# [Task]
Transcribe exactly the lines from the one containing "F1 race decoratie bernax race simulators" through the last line of the listing below, inclusive, and nothing beyond them.

# [Exercise data]
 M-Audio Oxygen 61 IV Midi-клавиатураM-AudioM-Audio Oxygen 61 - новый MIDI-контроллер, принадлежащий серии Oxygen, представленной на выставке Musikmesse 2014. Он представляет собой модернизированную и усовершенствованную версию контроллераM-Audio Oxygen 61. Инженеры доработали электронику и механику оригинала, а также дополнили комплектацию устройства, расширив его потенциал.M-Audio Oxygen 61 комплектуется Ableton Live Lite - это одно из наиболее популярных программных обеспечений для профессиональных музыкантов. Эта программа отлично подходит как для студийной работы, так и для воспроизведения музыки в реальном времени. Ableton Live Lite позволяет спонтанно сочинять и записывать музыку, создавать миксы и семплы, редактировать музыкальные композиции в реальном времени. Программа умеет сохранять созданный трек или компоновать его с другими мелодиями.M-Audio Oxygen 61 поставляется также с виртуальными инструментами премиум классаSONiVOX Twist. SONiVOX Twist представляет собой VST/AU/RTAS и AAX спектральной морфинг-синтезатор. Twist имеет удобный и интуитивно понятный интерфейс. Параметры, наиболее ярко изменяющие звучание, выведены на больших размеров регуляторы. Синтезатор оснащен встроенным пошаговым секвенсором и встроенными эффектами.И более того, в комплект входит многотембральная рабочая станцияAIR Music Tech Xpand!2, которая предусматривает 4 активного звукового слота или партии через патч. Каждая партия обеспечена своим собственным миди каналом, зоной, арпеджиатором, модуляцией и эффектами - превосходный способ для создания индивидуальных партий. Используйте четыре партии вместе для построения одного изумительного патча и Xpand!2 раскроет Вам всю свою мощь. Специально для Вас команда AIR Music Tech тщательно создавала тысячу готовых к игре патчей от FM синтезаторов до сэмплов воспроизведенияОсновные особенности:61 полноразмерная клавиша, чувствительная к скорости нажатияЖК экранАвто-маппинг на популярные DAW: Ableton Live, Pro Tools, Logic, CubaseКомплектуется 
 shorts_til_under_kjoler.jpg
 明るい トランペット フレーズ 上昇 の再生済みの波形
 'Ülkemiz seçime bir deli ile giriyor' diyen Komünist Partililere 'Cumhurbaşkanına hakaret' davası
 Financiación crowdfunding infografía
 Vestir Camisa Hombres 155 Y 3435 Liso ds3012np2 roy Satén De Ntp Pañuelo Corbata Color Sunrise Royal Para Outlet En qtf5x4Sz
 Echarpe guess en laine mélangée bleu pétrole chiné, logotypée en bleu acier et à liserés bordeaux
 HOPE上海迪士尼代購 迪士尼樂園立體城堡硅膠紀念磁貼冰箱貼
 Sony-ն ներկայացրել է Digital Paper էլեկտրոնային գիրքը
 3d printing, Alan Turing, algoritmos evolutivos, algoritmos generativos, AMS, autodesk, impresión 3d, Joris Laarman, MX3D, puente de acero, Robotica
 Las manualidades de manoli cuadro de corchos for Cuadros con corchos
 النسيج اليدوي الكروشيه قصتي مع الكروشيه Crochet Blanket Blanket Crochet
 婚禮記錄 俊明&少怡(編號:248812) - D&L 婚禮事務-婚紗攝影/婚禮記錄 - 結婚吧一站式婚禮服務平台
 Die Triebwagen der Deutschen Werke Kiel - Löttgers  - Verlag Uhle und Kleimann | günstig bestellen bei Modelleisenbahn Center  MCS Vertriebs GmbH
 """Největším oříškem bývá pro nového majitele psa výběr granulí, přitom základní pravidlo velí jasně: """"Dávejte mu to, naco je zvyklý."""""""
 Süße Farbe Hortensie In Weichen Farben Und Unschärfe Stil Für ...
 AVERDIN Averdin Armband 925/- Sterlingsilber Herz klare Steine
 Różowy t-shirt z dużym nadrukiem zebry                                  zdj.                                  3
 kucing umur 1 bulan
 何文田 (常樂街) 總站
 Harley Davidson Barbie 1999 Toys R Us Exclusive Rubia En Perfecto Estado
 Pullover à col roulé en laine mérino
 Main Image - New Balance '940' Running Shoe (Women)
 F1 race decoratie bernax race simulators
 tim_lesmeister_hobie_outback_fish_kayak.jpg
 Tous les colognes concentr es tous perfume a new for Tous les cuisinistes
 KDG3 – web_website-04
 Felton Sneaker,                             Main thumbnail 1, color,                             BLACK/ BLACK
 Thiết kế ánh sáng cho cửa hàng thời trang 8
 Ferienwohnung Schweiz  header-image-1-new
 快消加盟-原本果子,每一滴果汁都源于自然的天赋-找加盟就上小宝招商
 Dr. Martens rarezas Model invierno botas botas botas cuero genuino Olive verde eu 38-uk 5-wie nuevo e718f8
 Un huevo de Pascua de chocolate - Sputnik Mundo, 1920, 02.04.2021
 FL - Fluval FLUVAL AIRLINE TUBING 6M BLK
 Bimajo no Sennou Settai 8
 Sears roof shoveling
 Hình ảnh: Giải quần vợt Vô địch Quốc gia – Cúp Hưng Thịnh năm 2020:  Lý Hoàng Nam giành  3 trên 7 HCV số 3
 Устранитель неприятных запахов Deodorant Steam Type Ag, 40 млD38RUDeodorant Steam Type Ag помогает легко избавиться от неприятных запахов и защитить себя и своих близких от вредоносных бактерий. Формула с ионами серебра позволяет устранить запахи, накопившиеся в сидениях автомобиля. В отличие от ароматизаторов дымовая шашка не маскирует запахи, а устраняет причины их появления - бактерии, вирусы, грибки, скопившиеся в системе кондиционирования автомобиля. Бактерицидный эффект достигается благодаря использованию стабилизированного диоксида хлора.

# [Solution for this problem]
 F1 race decoratie bernax race simulators
 tim_lesmeister_hobie_outback_fish_kayak.jpg
 Tous les colognes concentr es tous perfume a new for Tous les cuisinistes
 KDG3 – web_website-04
 Felton Sneaker,                             Main thumbnail 1, color,                             BLACK/ BLACK
 Thiết kế ánh sáng cho cửa hàng thời trang 8
 Ferienwohnung Schweiz  header-image-1-new
 快消加盟-原本果子,每一滴果汁都源于自然的天赋-找加盟就上小宝招商
 Dr. Martens rarezas Model invierno botas botas botas cuero genuino Olive verde eu 38-uk 5-wie nuevo e718f8
 Un huevo de Pascua de chocolate - Sputnik Mundo, 1920, 02.04.2021
 FL - Fluval FLUVAL AIRLINE TUBING 6M BLK
 Bimajo no Sennou Settai 8
 Sears roof shoveling
 Hình ảnh: Giải quần vợt Vô địch Quốc gia – Cúp Hưng Thịnh năm 2020:  Lý Hoàng Nam giành  3 trên 7 HCV số 3
 Устранитель неприятных запахов Deodorant Steam Type Ag, 40 млD38RUDeodorant Steam Type Ag помогает легко избавиться от неприятных запахов и защитить себя и своих близких от вредоносных бактерий. Формула с ионами серебра позволяет устранить запахи, накопившиеся в сидениях автомобиля. В отличие от ароматизаторов дымовая шашка не маскирует запахи, а устраняет причины их появления - бактерии, вирусы, грибки, скопившиеся в системе кондиционирования автомобиля. Бактерицидный эффект достигается благодаря использованию стабилизированного диоксида хлора.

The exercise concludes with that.